The helm create scaffold includes a working NGINX example. Replace the templates and values to match your application.

Packaging and Distribution

Charts are distributed as .tgz archives with a SHA256 checksum:

# Package the chart
helm package myapp        # produces myapp-1.2.0.tgz
 
# Generate repository index
helm repo index . --url https://example.com/charts
 
# The resulting index.yaml looks like:
# apiVersion: v1
# entries:
#   myapp:
#     - apiVersion: v2
#       appVersion: 2.5.1
#       version: 1.2.0
#       urls:
#         - https://example.com/charts/myapp-1.2.0.tgz
#       digest: sha256:abc123...

Host index.yaml and .tgz files on any static web server (GitHub Pages, S3, GCS, Artifactory, Nexus).

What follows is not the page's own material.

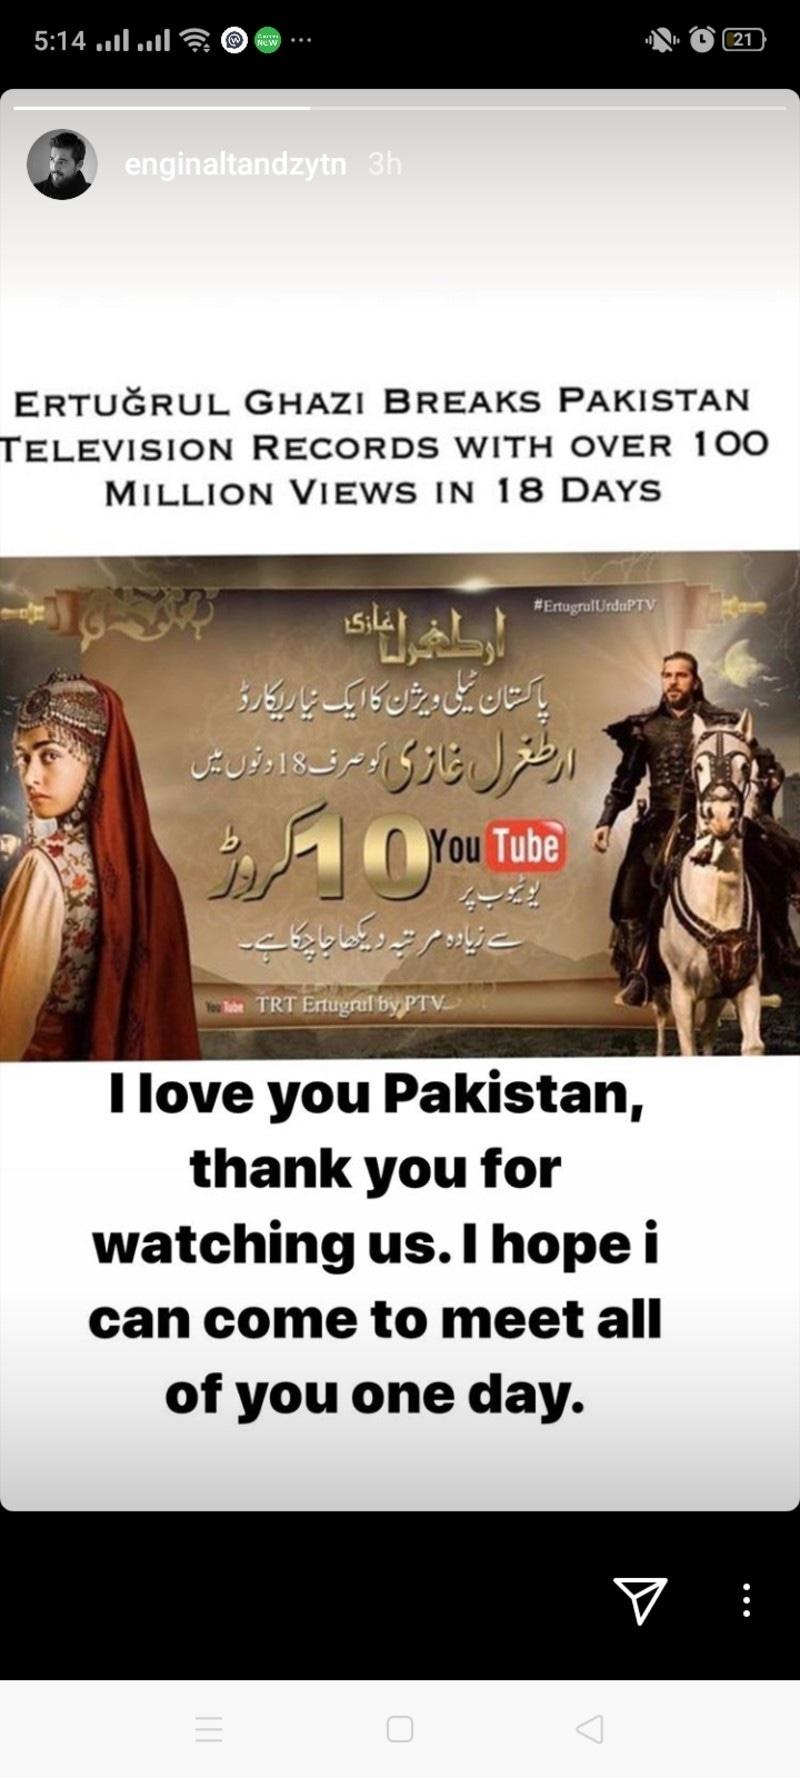 انسٹاگرام اسٹوری میں انہوں نے پاکستان آنے کی خواہش ظاہر کی—اسکرین شاٹ
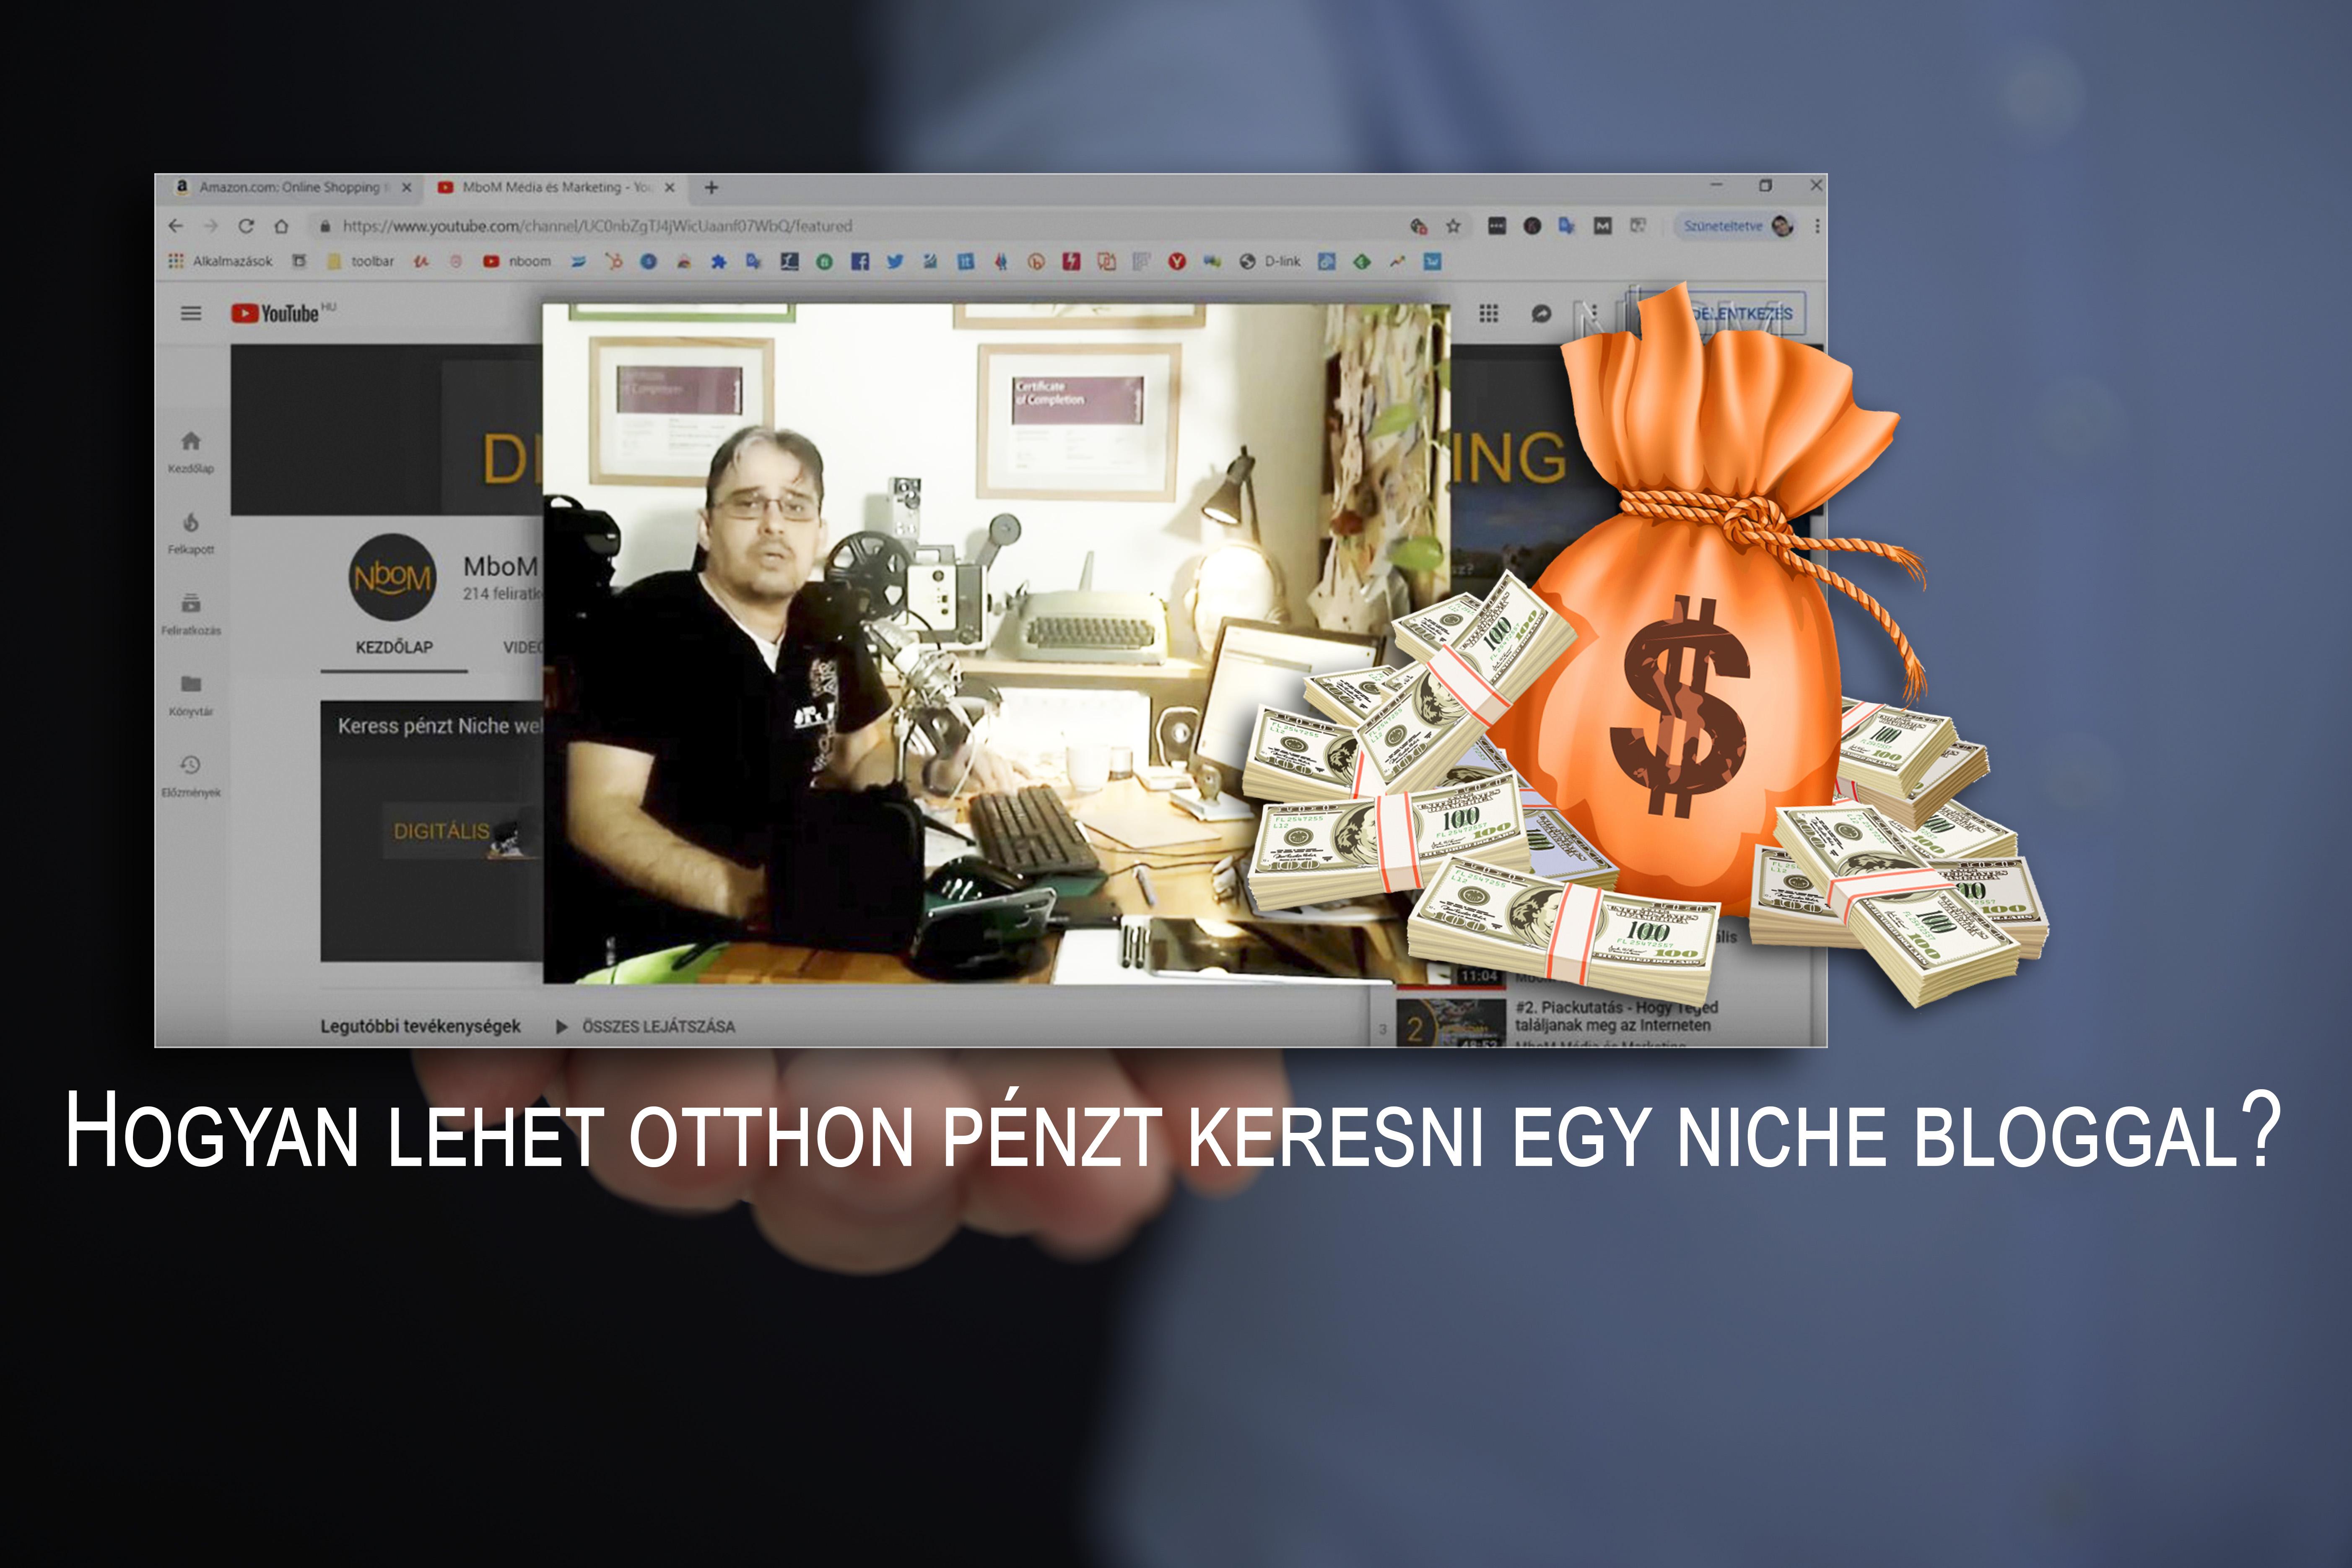 hogyan lehet pénzt keresni az ügyfelektől jövedelem az interneten minimális befektetéssel

Consumers add the repository with helm repo add and install charts by name.

Chart Testing

Helm supports verification tests that run as short-lived Jobs after installation:

# templates/tests/test-connection.yaml
apiVersion: v1
kind: Pod
metadata:
  name: "{{ include "myapp.fullname" . }}-test-connection"
  annotations:
    "helm.sh/hook": test
spec:
  containers:
    - name: wget
      image: busybox
      command: ['wget']
      args: ['{{ include "myapp.fullname" . }}:{{ .Values.service.port }}']
  restartPolicy: Never

Run with helm test myapp. These tests validate that the deployed application is actually reachable and healthy.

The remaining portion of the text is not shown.